- **TASK BRIEF**
Copy the data exactly. Images are to be left out.

- **PROVIDED MATERIAL**
▽
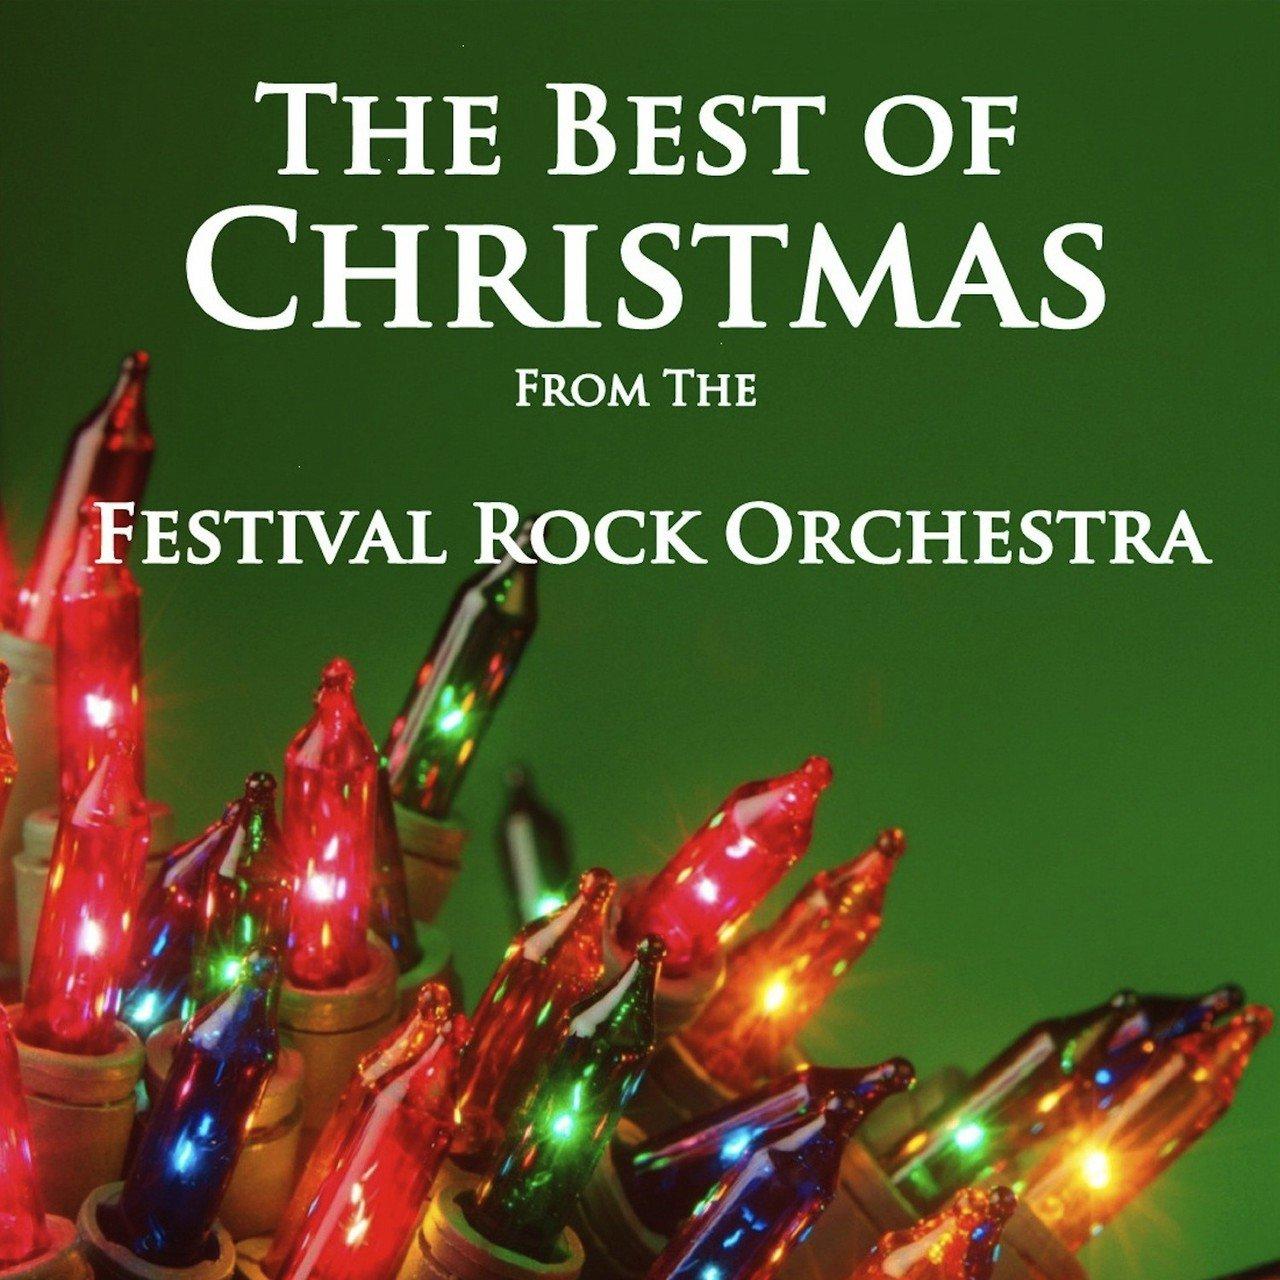 TIDAL: Listen to The Best of Christmas on TIDAL
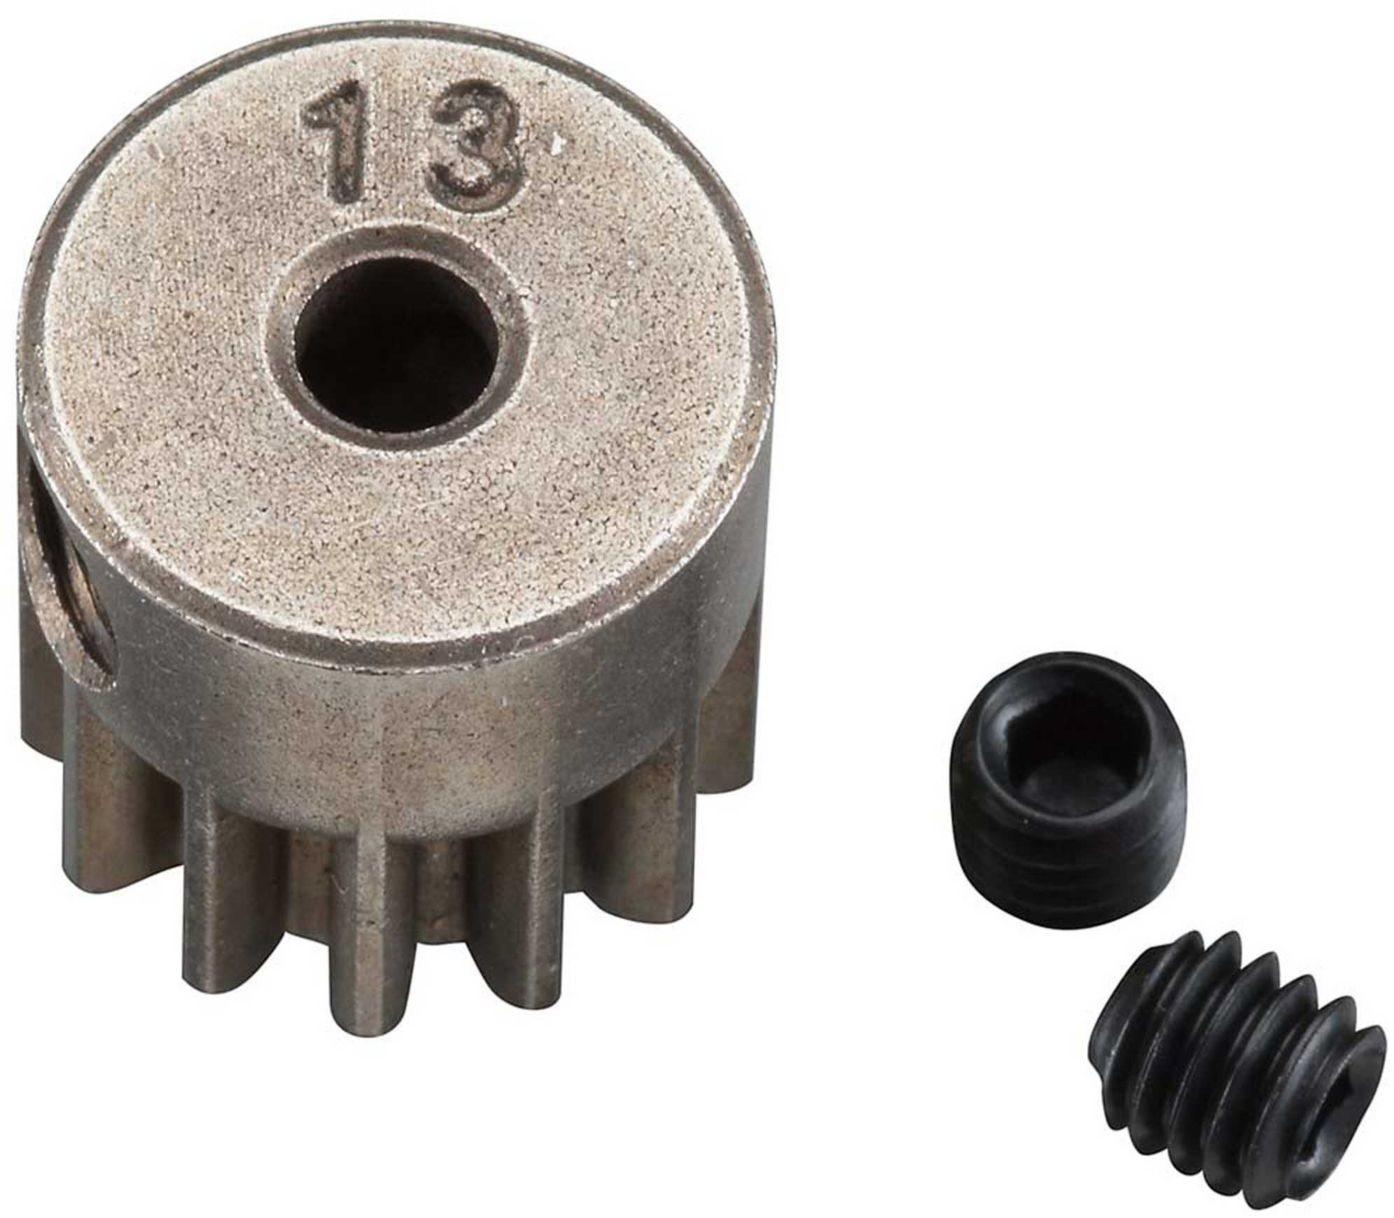 Axial Pinion Gear 32P 13T Steel 3mm Motor Shaft
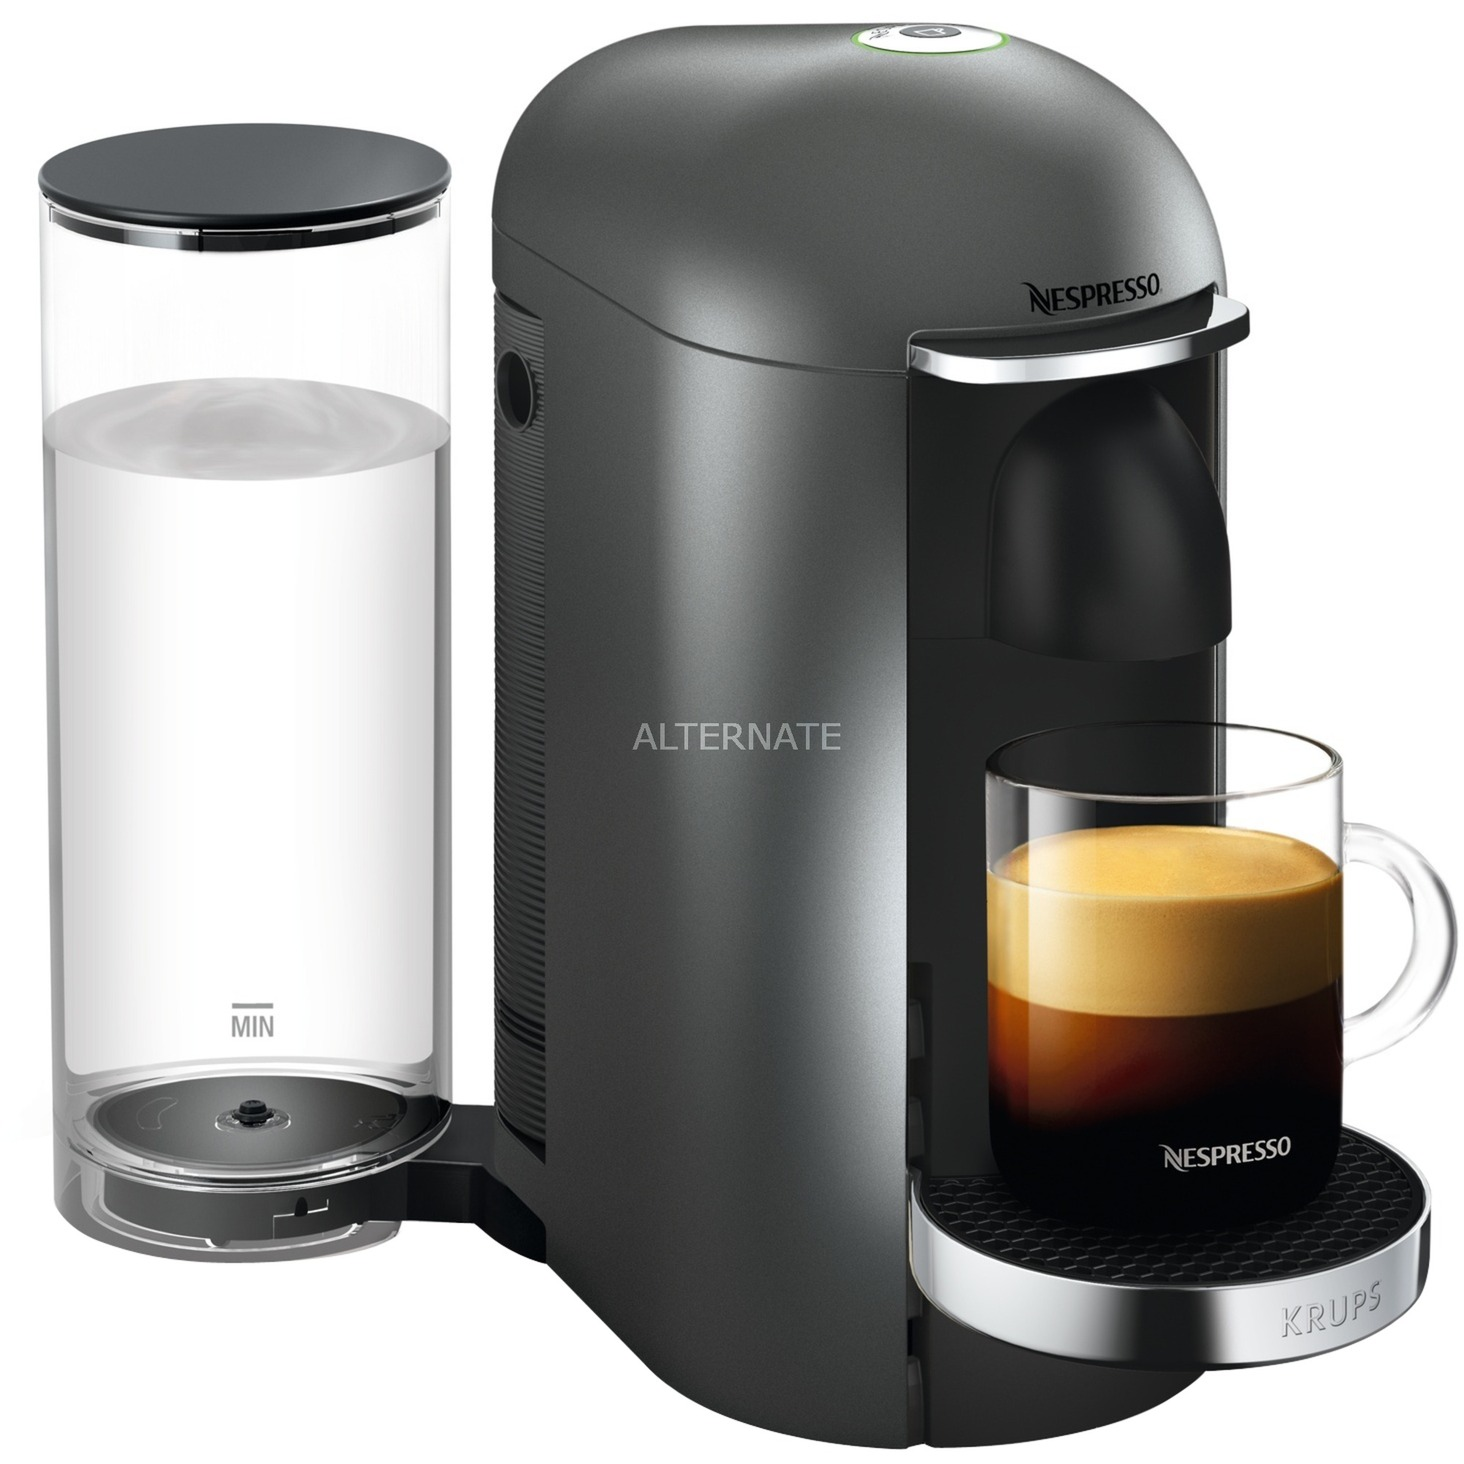 Evidence XN900T Independiente Máquina de café en cápsulas Negro 1,7 L Semi-automática, Cafetera de cápsulas
△
- **TASK ANSWER**
 TIDAL: Listen to The Best of Christmas on TIDAL
 Axial Pinion Gear 32P 13T Steel 3mm Motor Shaft
 Evidence XN900T Independiente Máquina de café en cápsulas Negro 1,7 L Semi-automática, Cafetera de cápsulas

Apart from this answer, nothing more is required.